I mention insulin because it’s small. The mRNA recipe for it will be small as well, which should make it more likely to be successful.
Are cancer cells spreading because they’re not producing a particular protein that allows them to be targeted for destruction? Feed them some mRNA to kick those protein production factories into action, so that the immune system can once again deal with the cancer.
All those non-druggable proteins now become potentially copyable proteins. If a protein is manufactured by the body (or the body of other people) in sufficiently large quantities, we can isolate it, fragment it, and sequence it. We can then fish through the DNA to find the sequence(s) that encode the protein. We can identify the RNA sequences that dock into the ribosomes and create the proteins. And given those sequences, we can construct synthetic plasmids in yeast and bacteria that generate billions of copies of the target RNA molecules.
As technology progresses, the effort required to sequence proteins will go down. Maybe we’ll be able to reduce the amount of protein required to isolate and sequence. Maybe we’ll work out a generic way to sequence all proteins directly without fragmentation.
I expect there will still be non-copyable proteins ones that need the mRNA at a particular pH, embedded in a particular membrane, with just the right concentration of other molecules. An exquisitely balanced system would be required so that the protein is folded in just the right way to create the desired function.
… but for everything else, there’s in-situ protein fabrication.

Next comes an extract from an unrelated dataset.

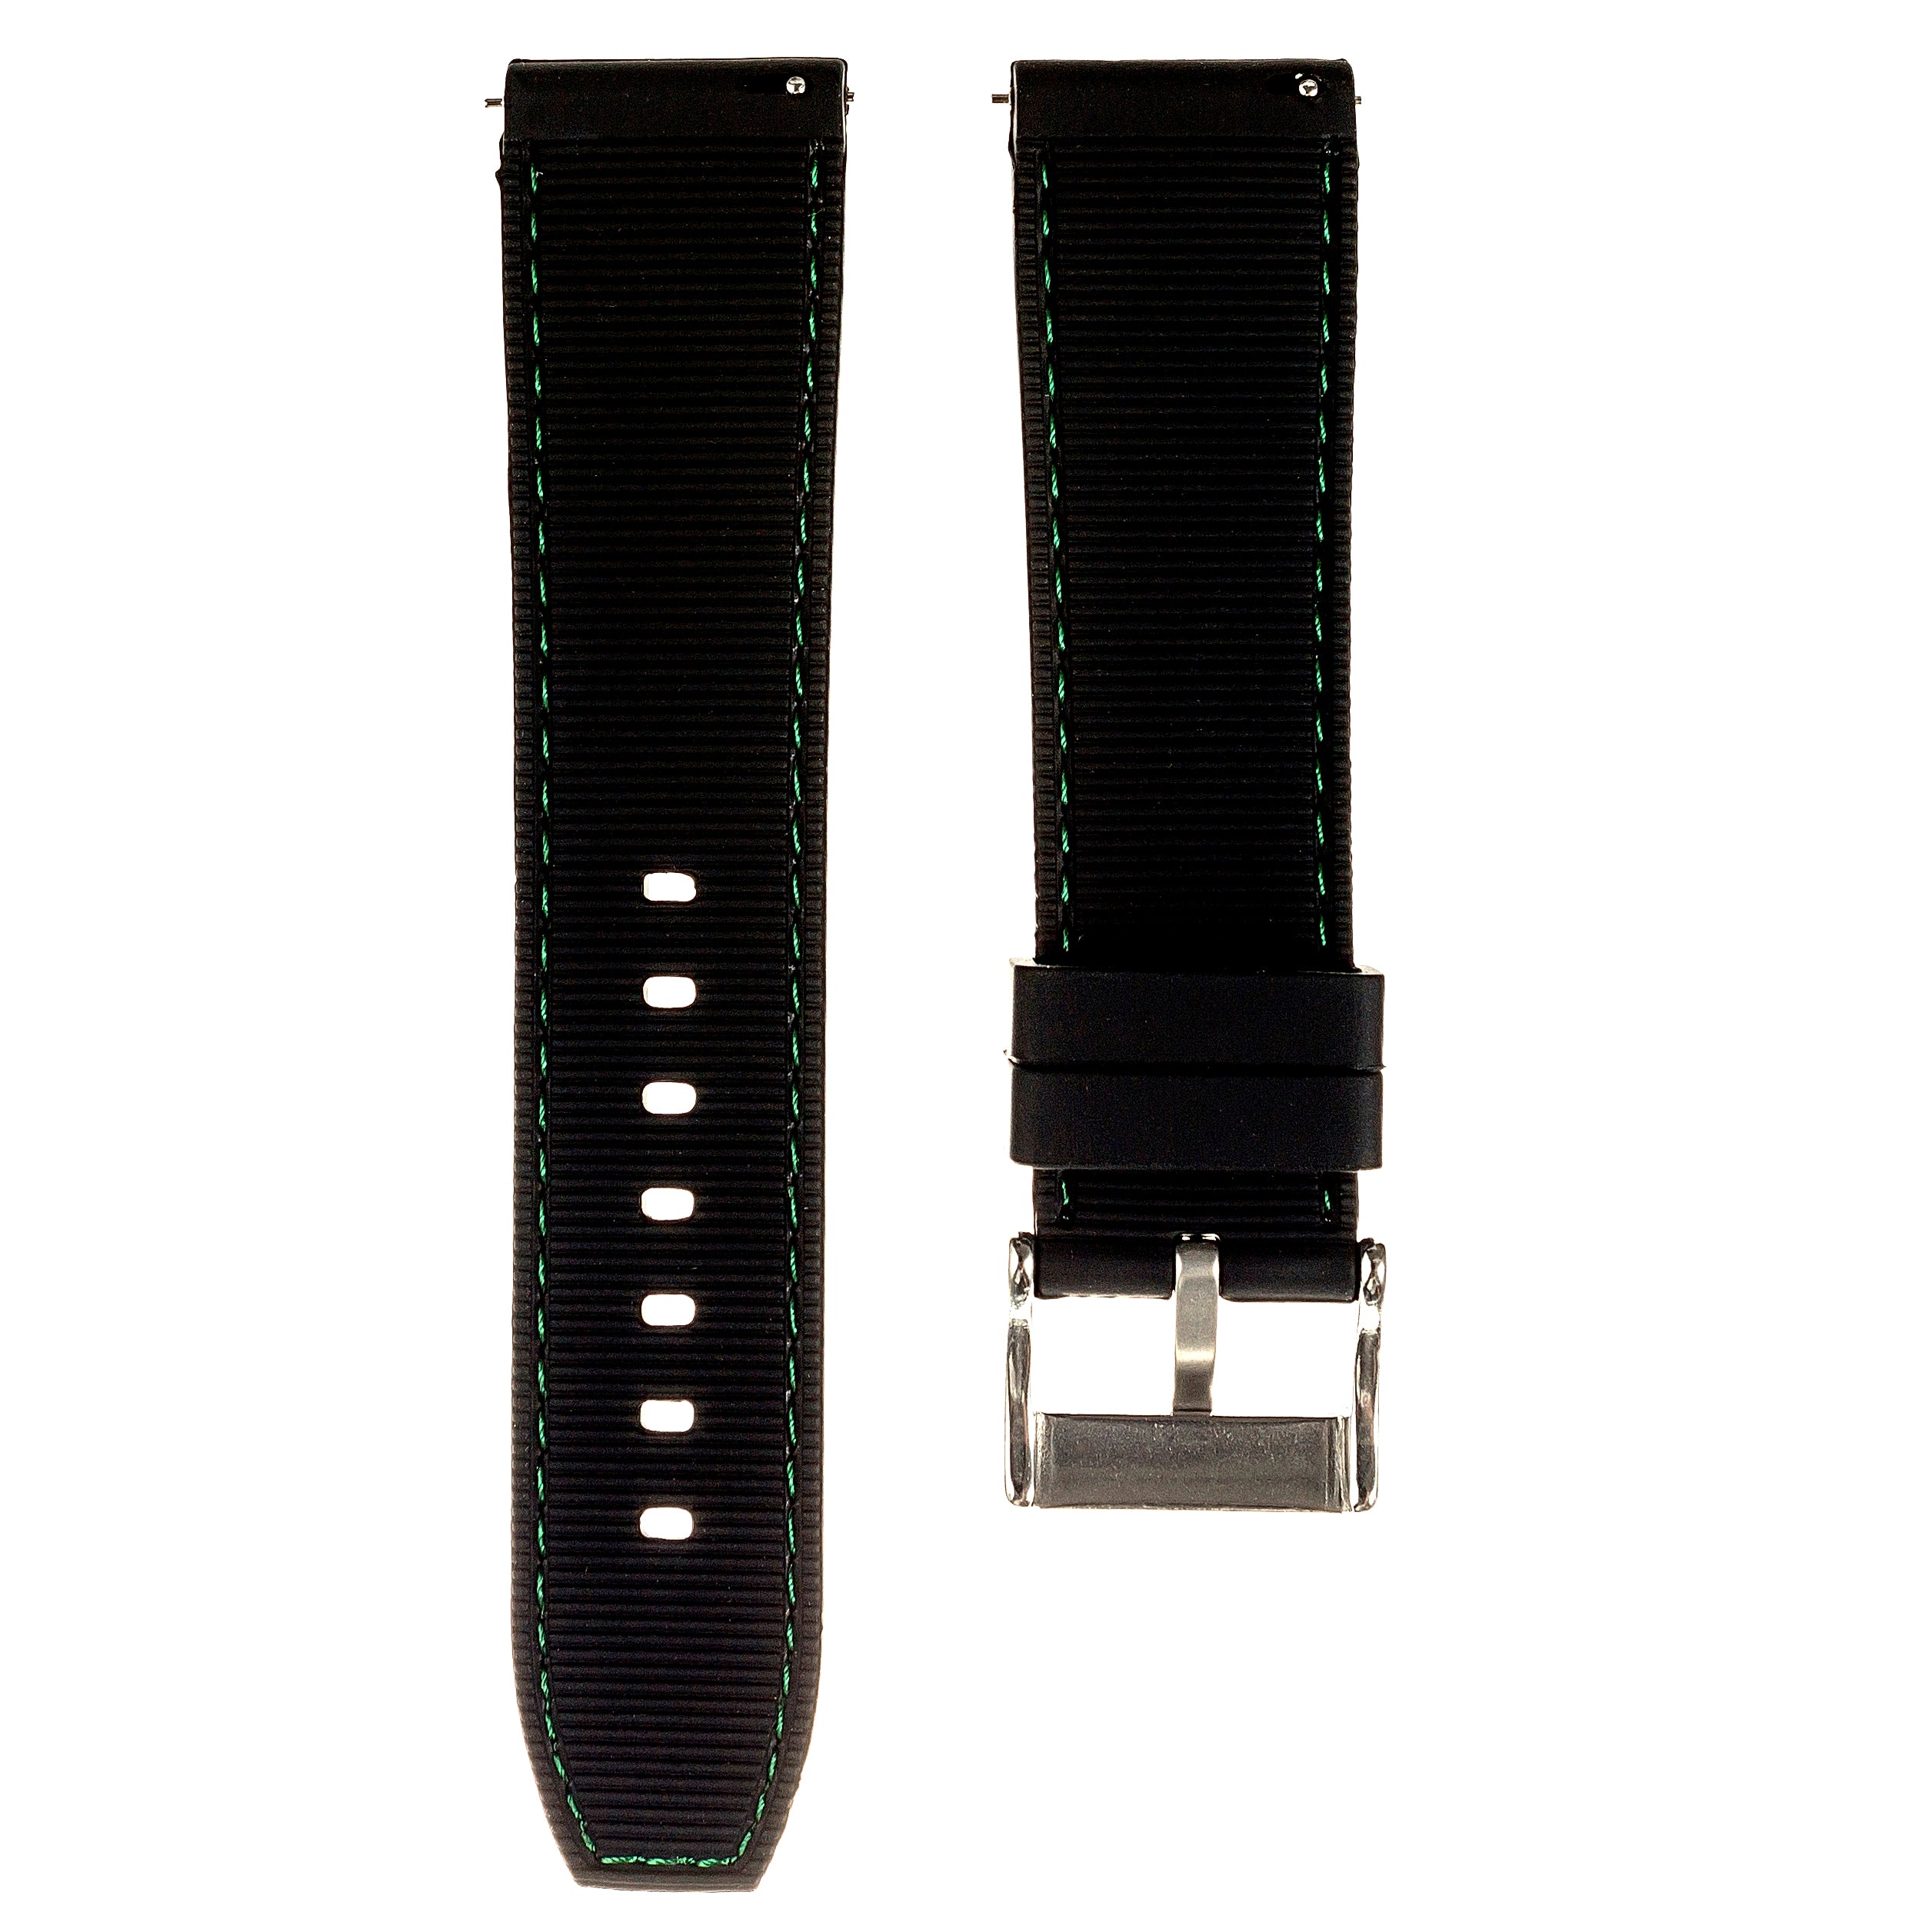 Perforated Stitch Soft Silicone Strap - Quick-Release - Black with Green Stitch (2401)

My prediction is that this concept is not going to get legs in the usual pharmaceutical circles precisely because it’s tapping into the things that our body already does so well. As such, getting monopolised money from this technology will be challenging, and it will displace a lot of existing profitable medicine. Patents might come out testing whether we can create a protein with mRNA that’s close to something already created, but just different enough that it passes the “non-natural” threshold. I could imagine legal challenges even for that. Is an RNA sequence patentable? Given that the general method is obvious (to me), wherein lies the novelty? And trade secrets for protein production probably won’t last long, especially if we can get sequencing down to a single-molecule level.